START PROVIDED DATA

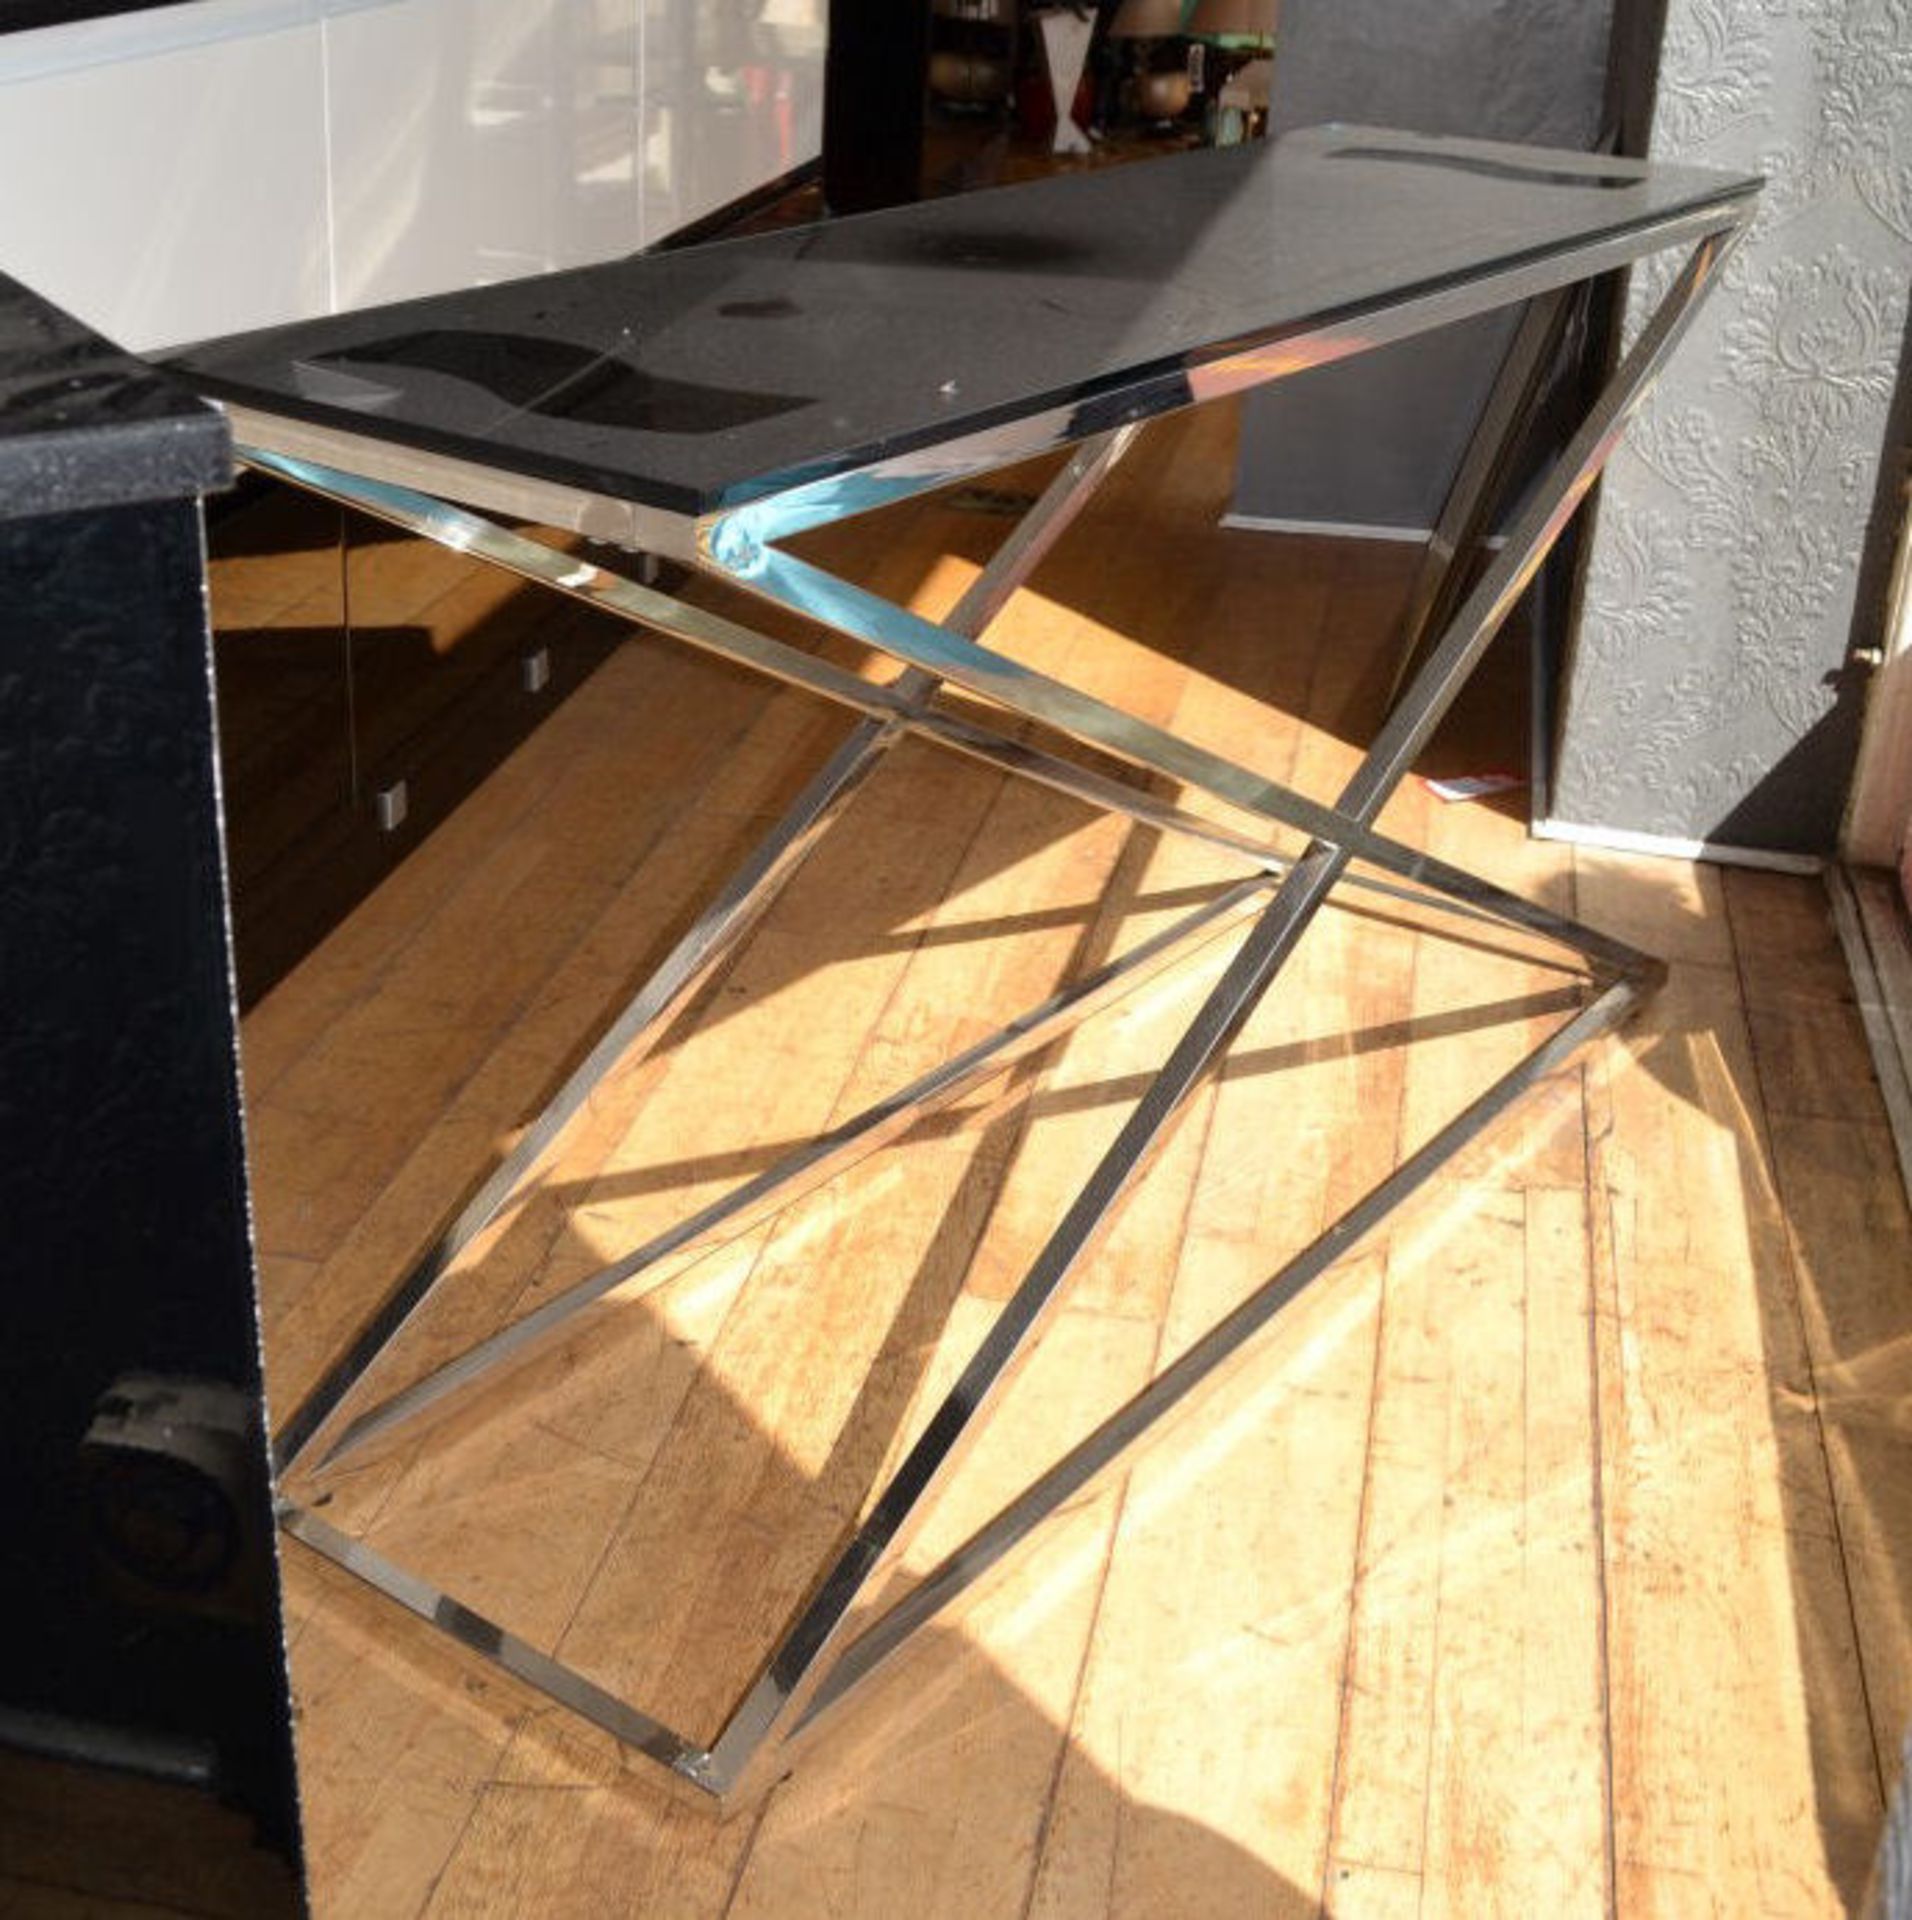 1 x Black Glass Topped Table With Silver Legs. 130X40.5cm. 74.5cm Tall. - CL108 - Image 2 of 3
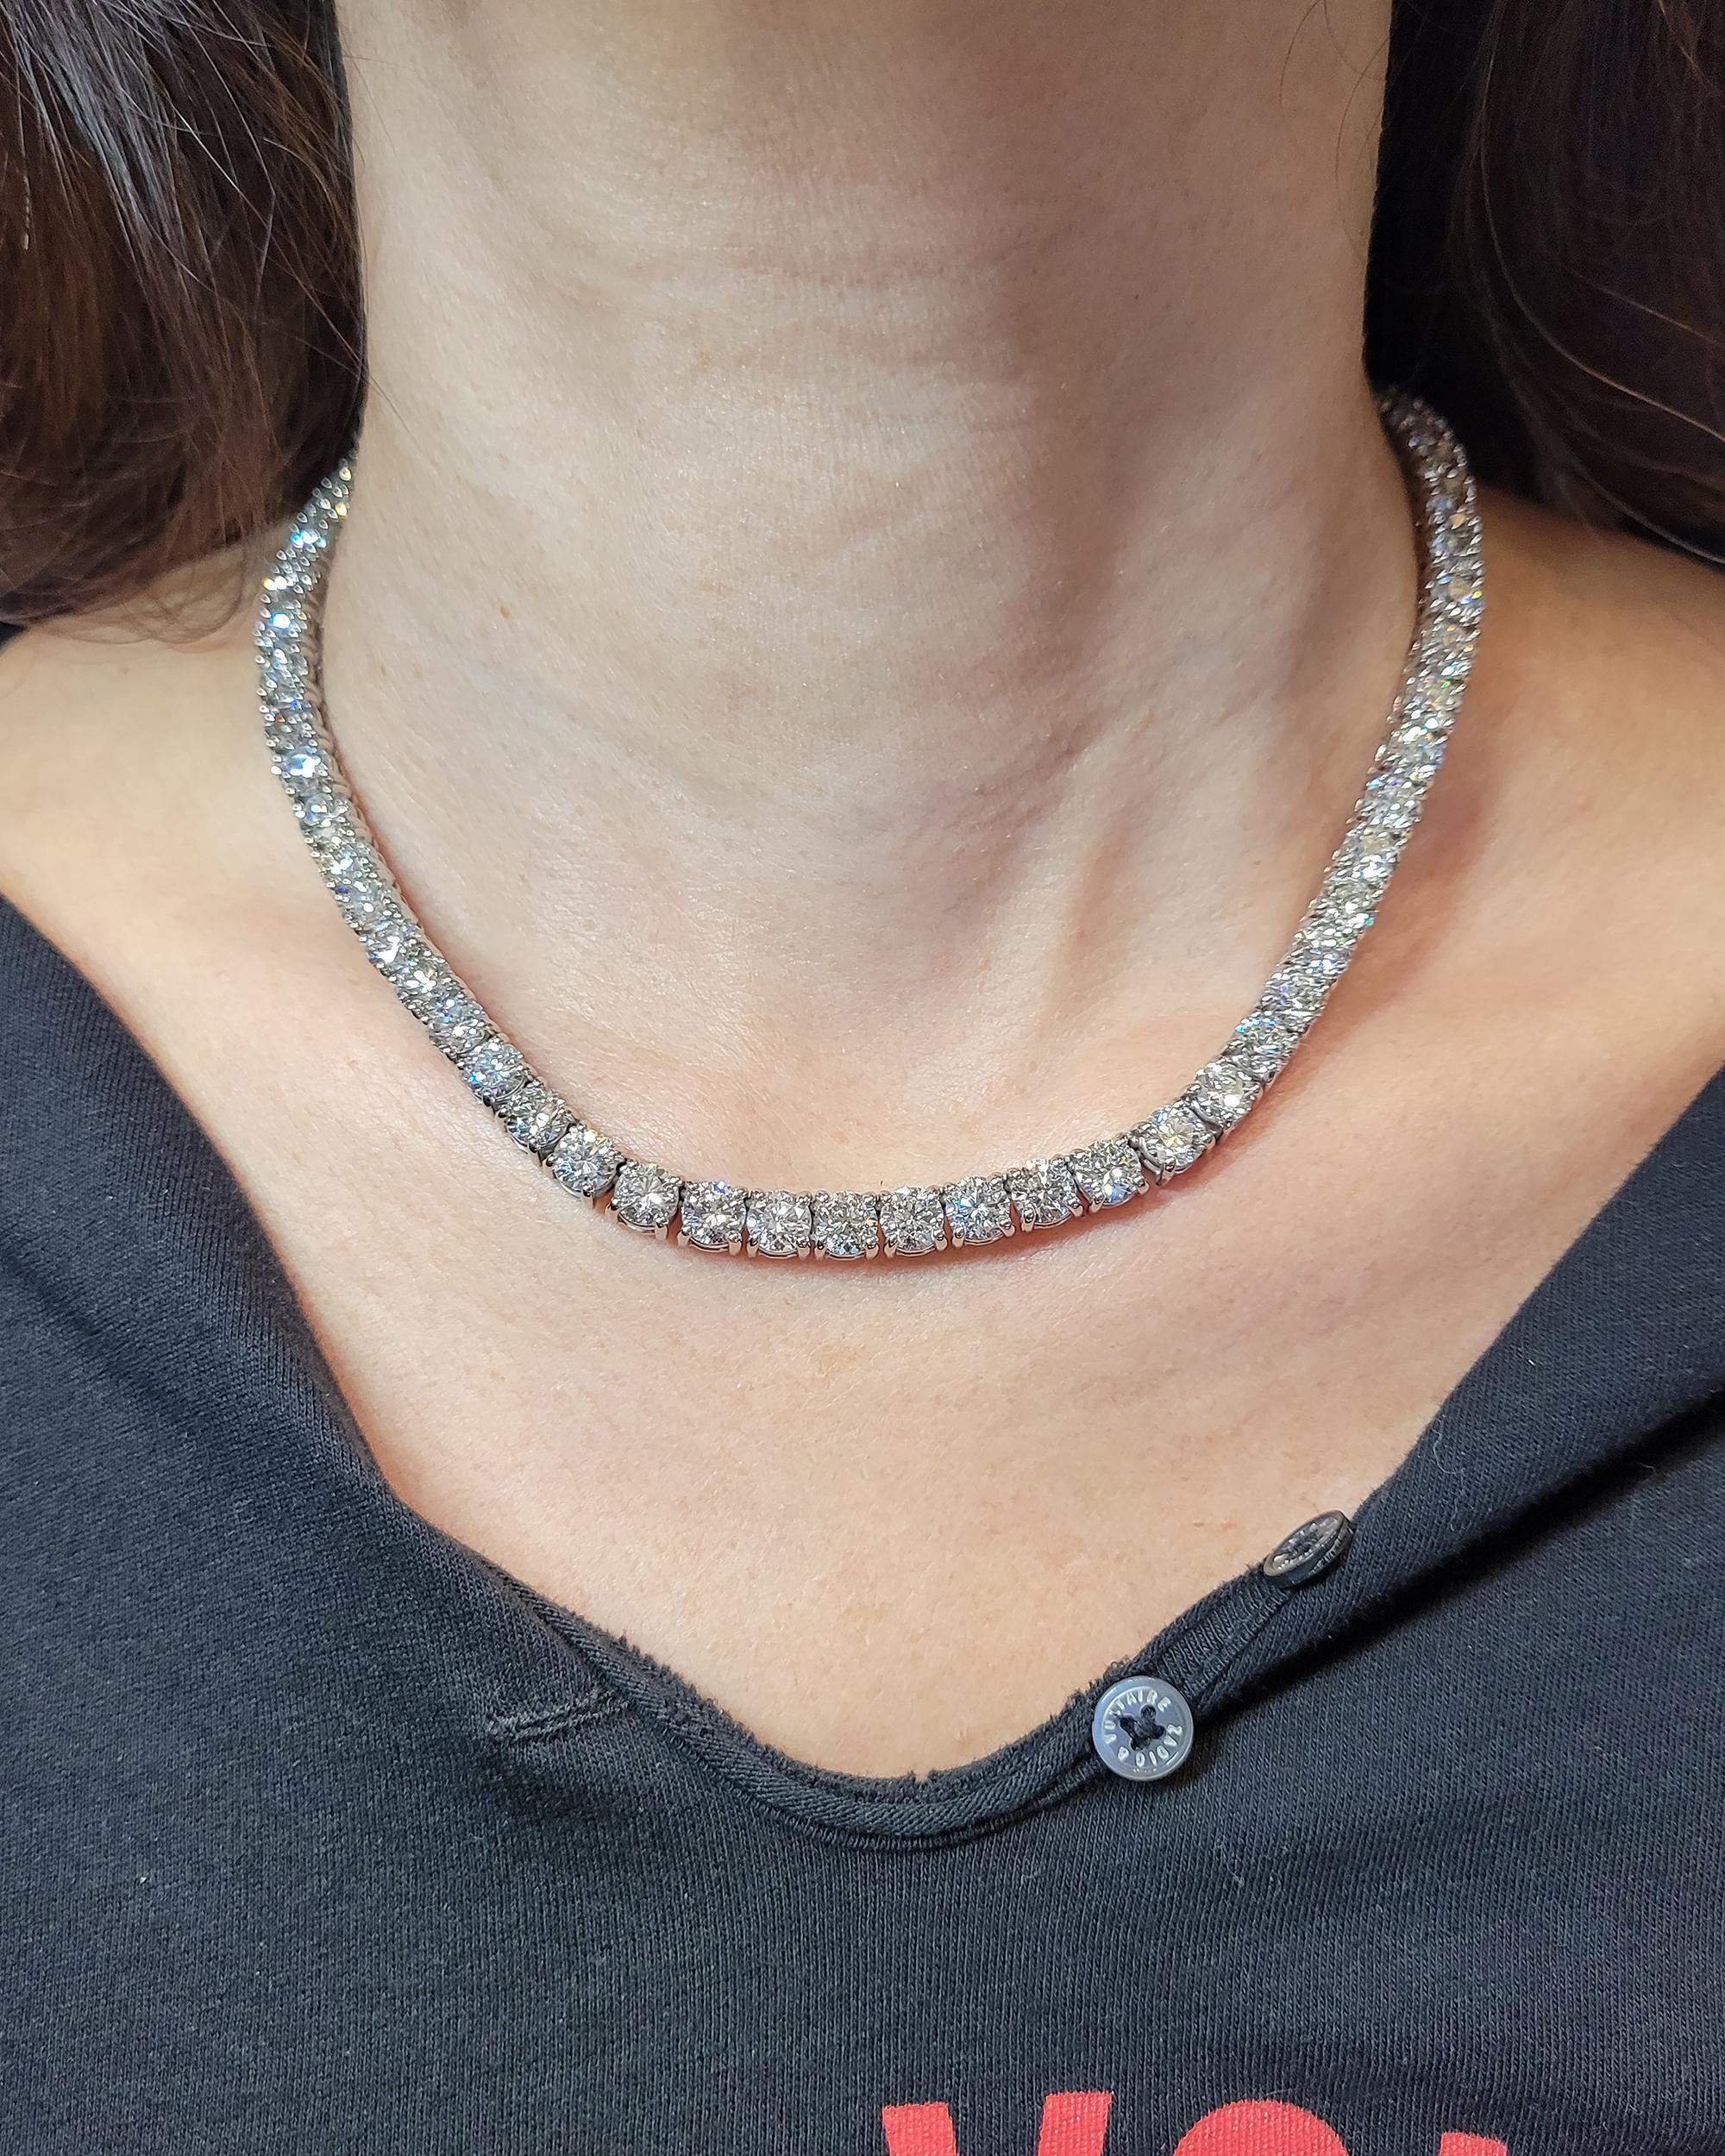 A beautiful tennis necklace comprising of 68 round diamonds weighing a total of 47.60 carats, approximately 0.7 carat each. 
The diamonds are natural with H-I colors, VS-SI clarity. Not certified.
Metal is 14kt white gold, gross weight 54.96

END PROVIDED DATA

## WORK REQUIRED:
Give every line above again exactly, omitting whatever pictures appear.

## OUTPUT OF THE TASK:
 1 x Black Glass Topped Table With Silver Legs. 130X40.5cm. 74.5cm Tall. - CL108 - Image 2 of 3
 A beautiful tennis necklace comprising of 68 round diamonds weighing a total of 47.60 carats, approximately 0.7 carat each. 
The diamonds are natural with H-I colors, VS-SI clarity. Not certified.
Metal is 14kt white gold, gross weight 54.96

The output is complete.